Court of Appeals of Oregon, 1993

State v. Myers

State v. Myers
Court of Appeals of Oregon · Decided March 3, 1993 · Leeson, Muniz, Rossman
1993 Ore. App. LEXIS 252; 118 Or. App. 388; 847 P.2d 884

State v. Myers

Opinion of the Court

ROSSMAN, P. J.

Defendant appeals his conviction for frequenting a place where controlled substances are used. ORS 167.122(1). He contends that the trial court erred in denying his motion for a judgment of acquittal.
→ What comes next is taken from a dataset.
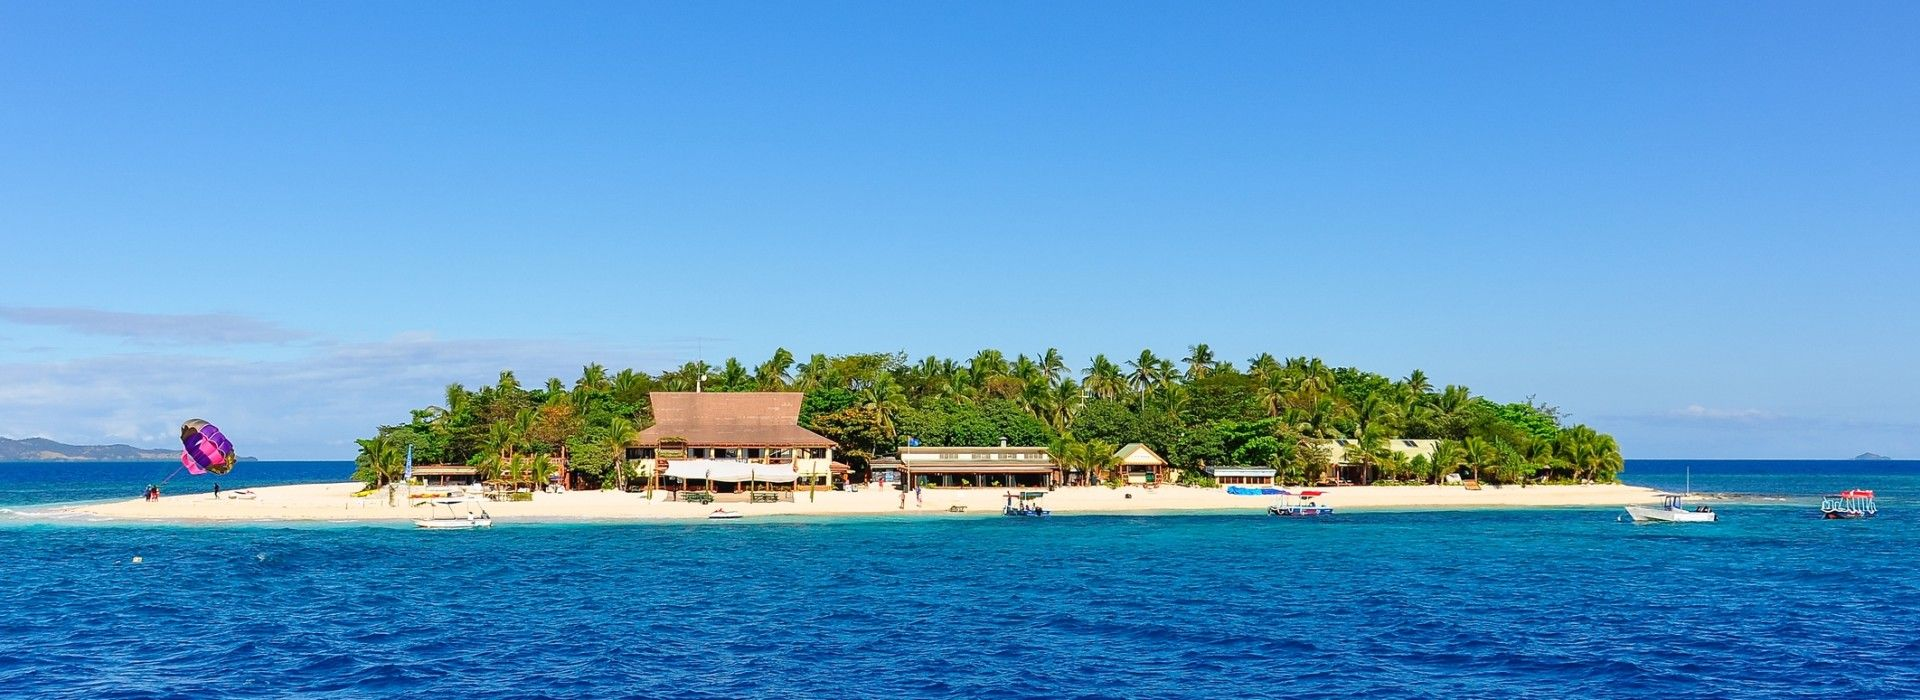 Snorkeling Tours in Oceania

We reverse.

On July 31, 1991, Officers Corson and Moore executed a search warrant at defendant’s residence.1 During the search, the officers found drug paraphernalia2 locked in defendant’s dresser drawer in his bedroom but did not find a controlled substance anywhere on the premises. Moore testified that, based on his four and one-half years with the street crimes unit, the amount of drug paraphernalia found in defendant’s dresser was more than would be used by a single person.

Defendant was charged under ORS 167.222(1) with frequenting a place where controlled substances are used. The complaint, which tracked the statutory language, alleged that:

“The defendant * * * unlawfully and knowingly frequented] and remain[ed] at a place * * * while knowingly permitting persons to use controlled substances in such place[.]”3 (Emphasis supplied.)

Defendant was convicted after a trial to a jury. On appeal, he argues that the trial court erred in denying his motion for a judgment of acquittal because the state failed to prove that a controlled substance was used at his residence. We view the evidence in the light most favorable to the state to determine whether a rational trier of fact could have found the essential elements of the crime beyond a reasonable doubt. State v. King, 307 Or 332, 339, 768 P2d 391 (1989).

*391Here, one of the essential elements that the state had to prove was that a controlled substance was in fact used at defendant’s residence. ORS 167.222(1). The state, however, produced no such evidence. No controlled substance was found; indeed, all that the state established was that there was drug paraphernalia in the residence. Standing alone, that is insufficient to permit a rational fact finder to conclude beyond a reasonable doubt that defendant or anyone else used a controlled substance on defendant’s premises. Accordingly, we hold that the trial court erred in denying defendant’s motion for a judgment of acquittal.

Reversed.

Defendant lived with his mother and one of her friends.

The officers found 17 syringes, 16 bent or burnt spoons, three bottles of water (allegedly used to clean the paraphernalia), and several lighters, matches and cotton and syringe packs.

ORS 167.222(1) provides:

“A person commits the offense of frequenting a place where controlled substances are used if the person keeps, maintains, frequents, or remains at a place, while knowingly permitting persons to use controlled substances in such place orto keep or sell them in violation of ORS 475.005 to 475.285,475.295 and 475.940 to 475.995.” (Emphasis supplied.)